Take the morning or afternoon off
This was actually really hard for me to do when the first lockdown happened. I felt anxious thinking that if I wasn’t doing something all day, especially during the week, I was failing myself and I wouldn’t be prepared for when the lockdown lifted. Oh how little I knew.
These days, if I don’t have anything particularly pressing to finish and I feel my mental health taking a toll, I’ll take the morning or afternoon off to head out to a cafe somewhere in London, maybe hit up a museum or just chill out with a book or a show. We are humans, not machines, and sometimes need to shut off temporarily to reset our systems. I’m constantly in “entrepreneurial” mode, always trying to figure out the latest thing to do or the newest, innovative way to create, and frankly it’s exhausting. I think there’s also something energetically with being a woman that I can’t always have my masculine “on and go go go” mental hat on. I need to ease into my feminine nature and take it slow every so often, especially around that time of the month…

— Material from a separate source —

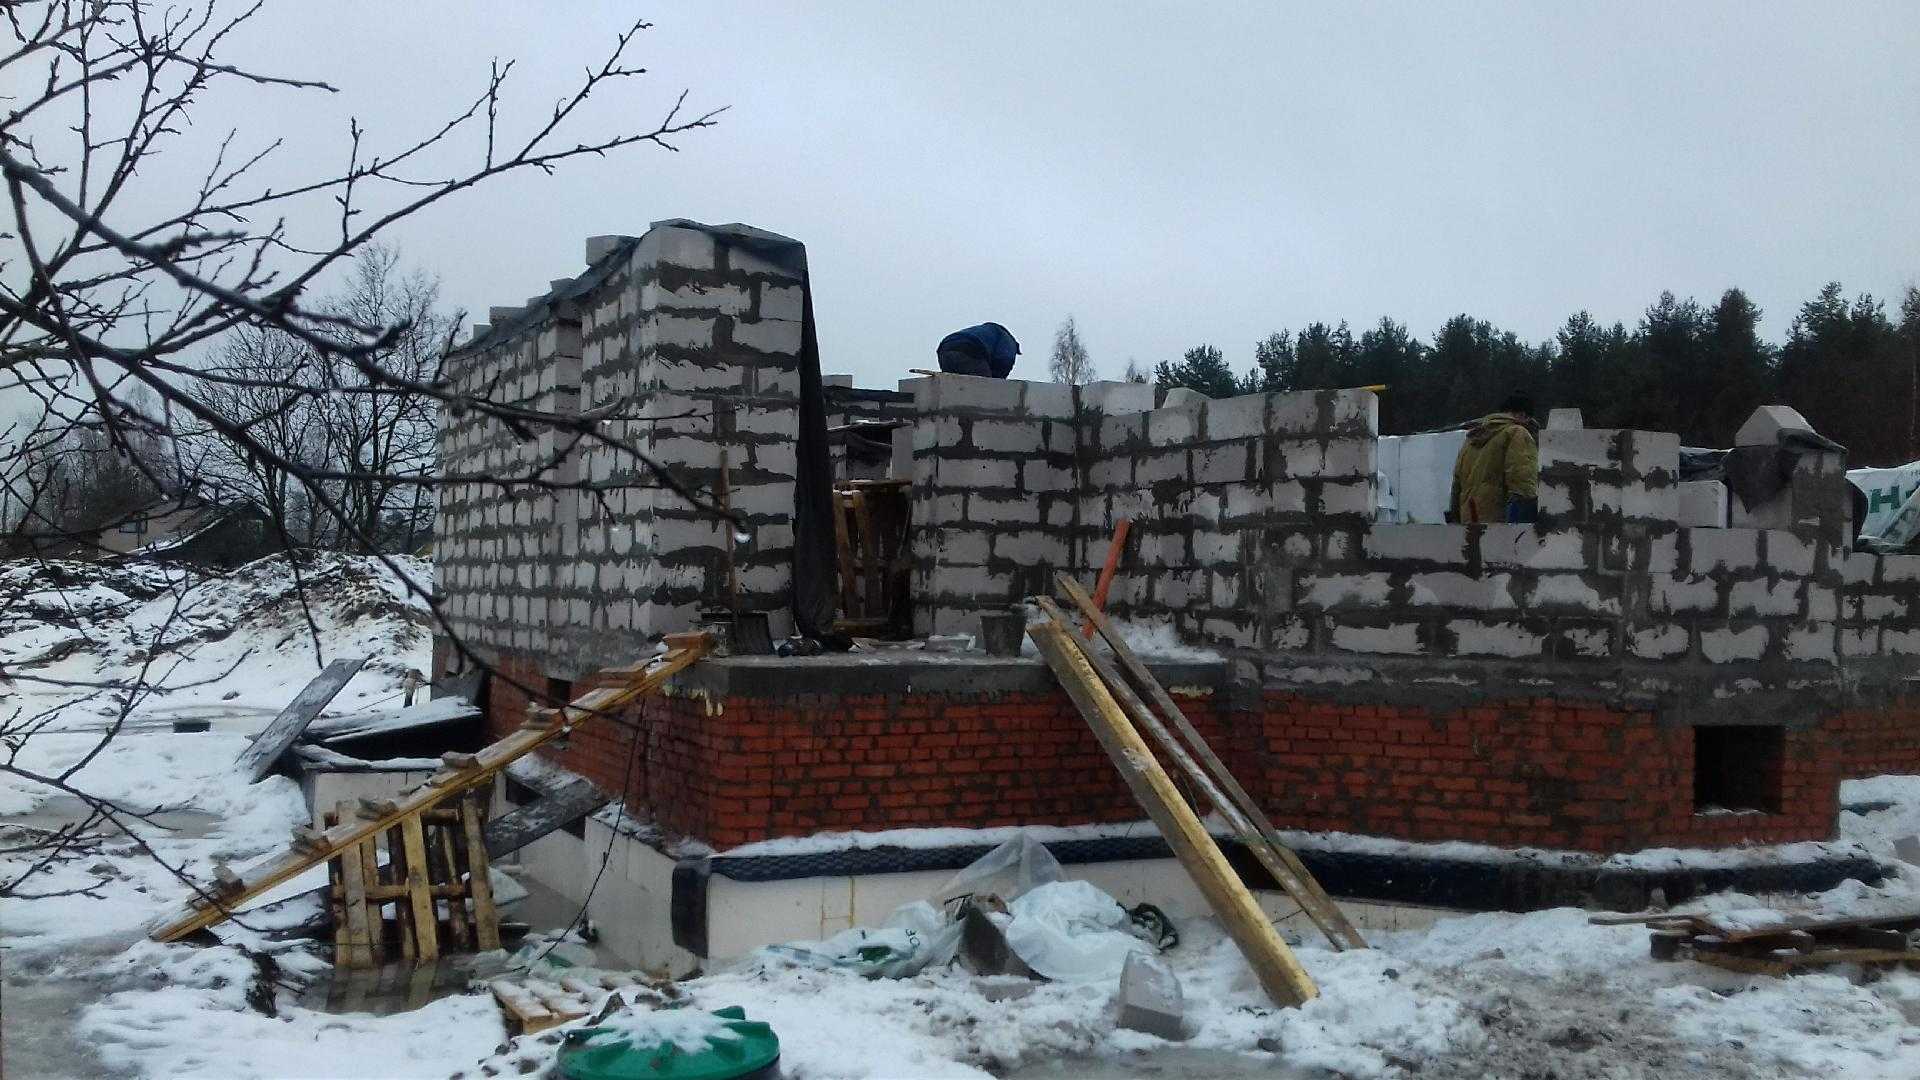 Не дать зиме раскрошить фундамент и снести крышу. консервируем стройку.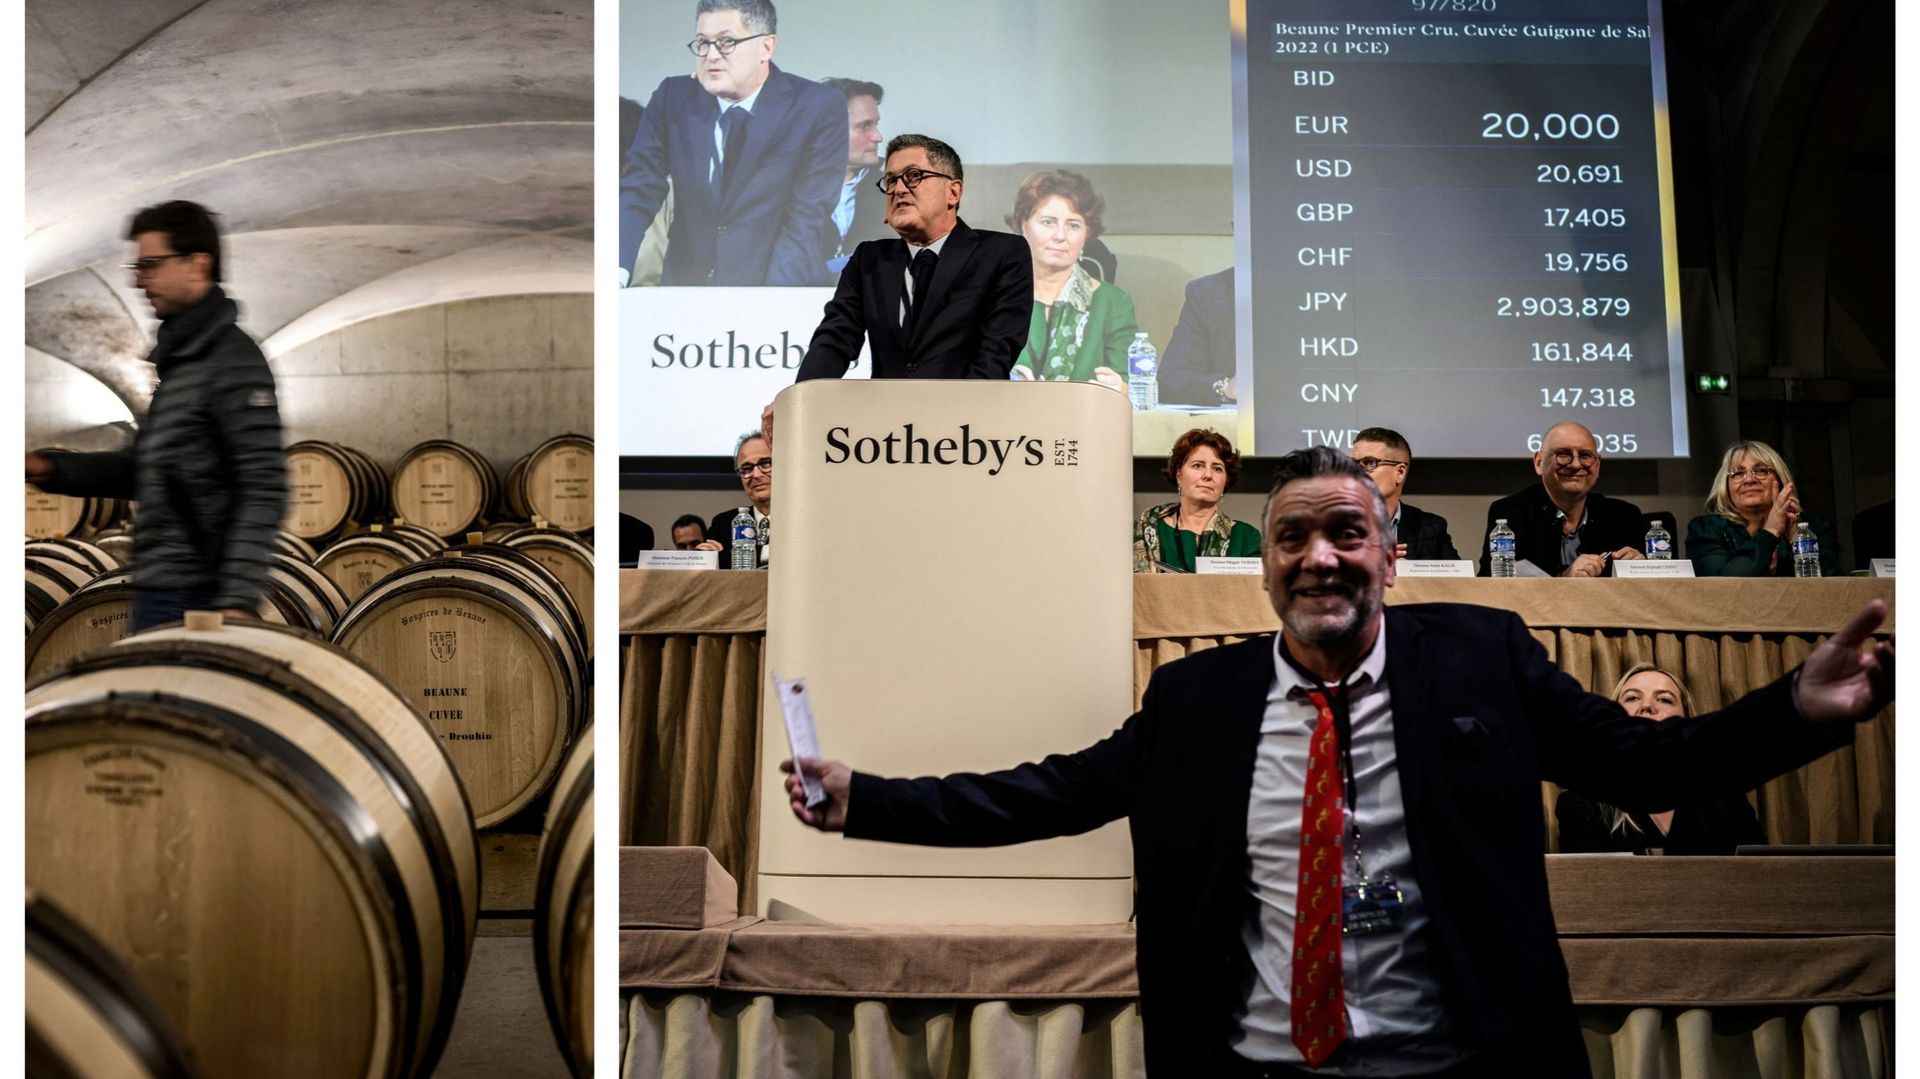 Un commissaire-priseur supervise la 162e vente aux enchères de vins de charité des Hospices de Beaune, le 20 novembre 2022, dans le centre de la France. La " Pièce des Présidents " a été vendue pour 810.000 euros établissant un nouveau record.

Be a tourist in your own city
This is a new and fun one to me. As I said earlier, I hit the ground running since moving to London and I didn’t allow myself to be a tourist. “I’m a Londoner” I would affirm strongly and proudly, and I guess that meant I couldn’t enjoy the city and my accomplishment for getting here. I wish I could shake past me some sense. Since the first lockdown lifted and restaurants, pubs, museums and life in general began to open back up - I took full advantage. Riding my bike to different parks, getting on trains for day trips to outside towns, booking (free) tickets to museums, I’ve been having a blast! That is, when I do it consistently. I’m now giving myself once or twice a week to be a tourist in London and enjoy the beauty and history of this city. My favourite place to go is Tower Bridge, where there is of course it’s infamous bridge, the historic Tower of London, a gorgeous walk along the Thames, but my favourite is the Starbucks where I made the final decision I was changing my life for the better and moving here.